THE RECORDS:
····················
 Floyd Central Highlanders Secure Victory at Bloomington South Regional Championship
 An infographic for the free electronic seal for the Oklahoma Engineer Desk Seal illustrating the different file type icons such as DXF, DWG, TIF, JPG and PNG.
····················
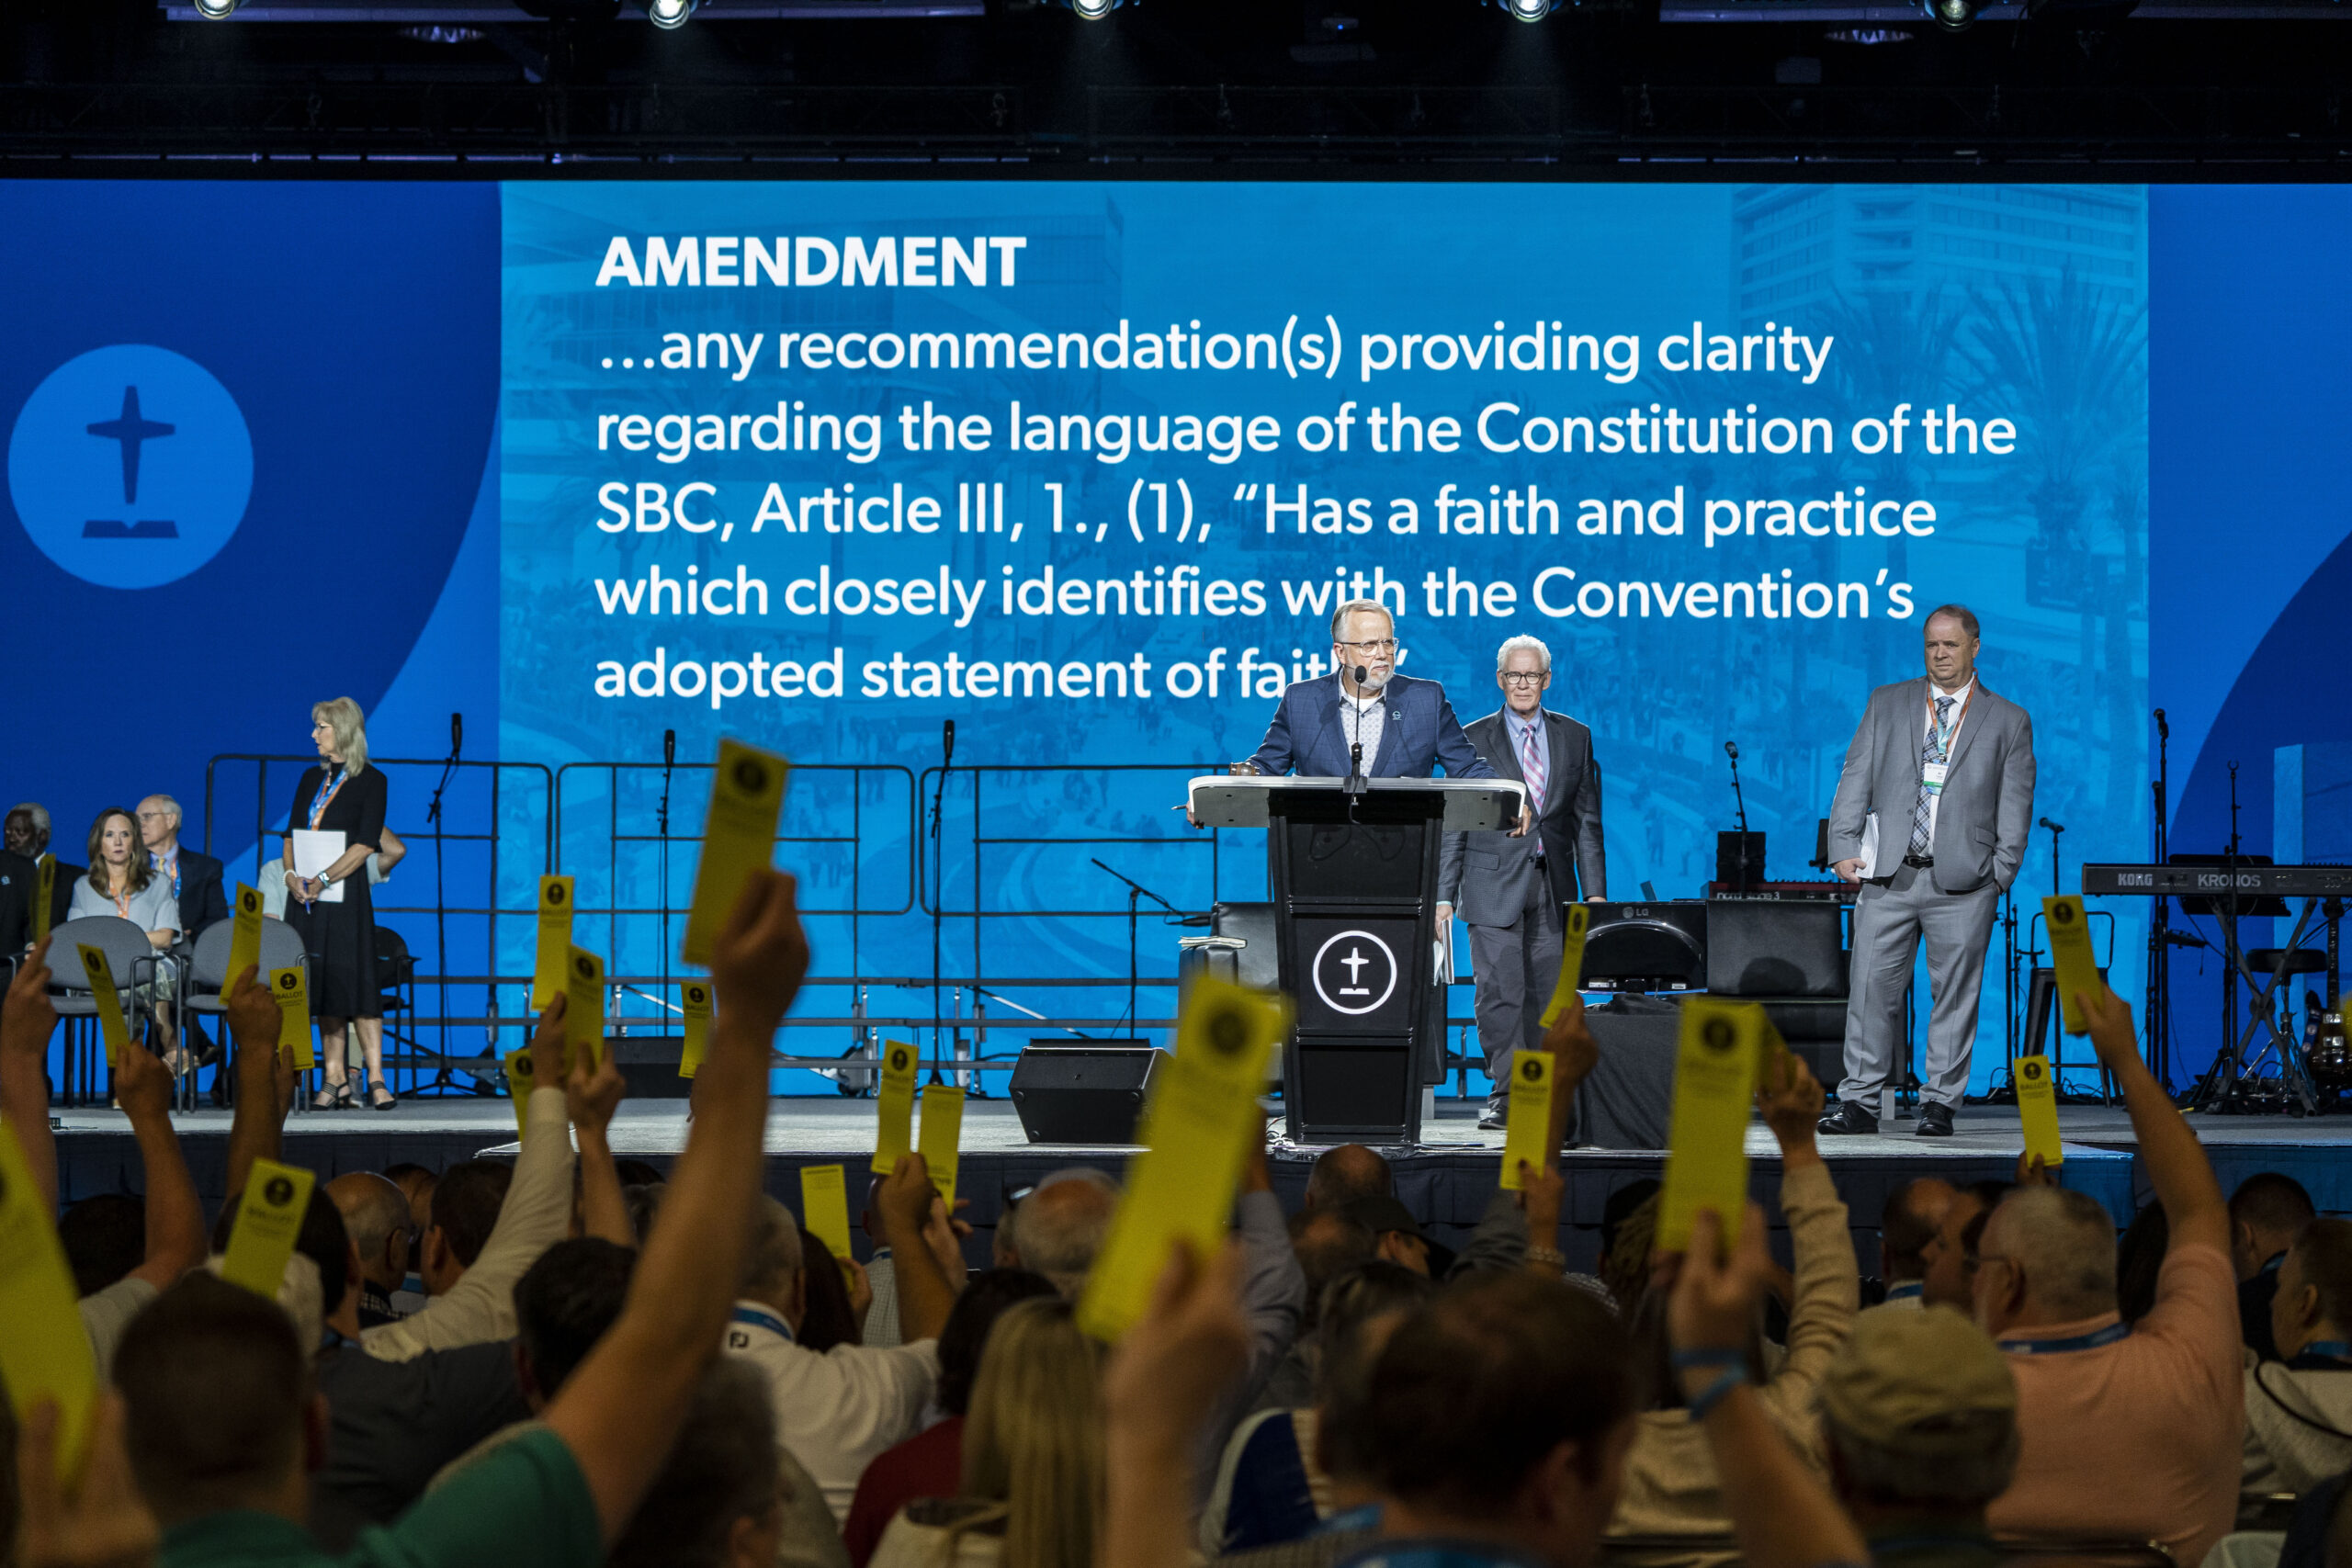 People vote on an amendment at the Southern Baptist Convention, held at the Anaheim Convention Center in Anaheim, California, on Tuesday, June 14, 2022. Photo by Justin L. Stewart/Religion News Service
····················
THE TASK:
Starting at the line above that holds "Floyd Central Highlanders" and ending at the line that holds "An infographic for", transcribe each line exactly and include no other lines.

REPLY TO THE EXERCISE:
 Floyd Central Highlanders Secure Victory at Bloomington South Regional Championship
 An infographic for the free electronic seal for the Oklahoma Engineer Desk Seal illustrating the different file type icons such as DXF, DWG, TIF, JPG and PNG.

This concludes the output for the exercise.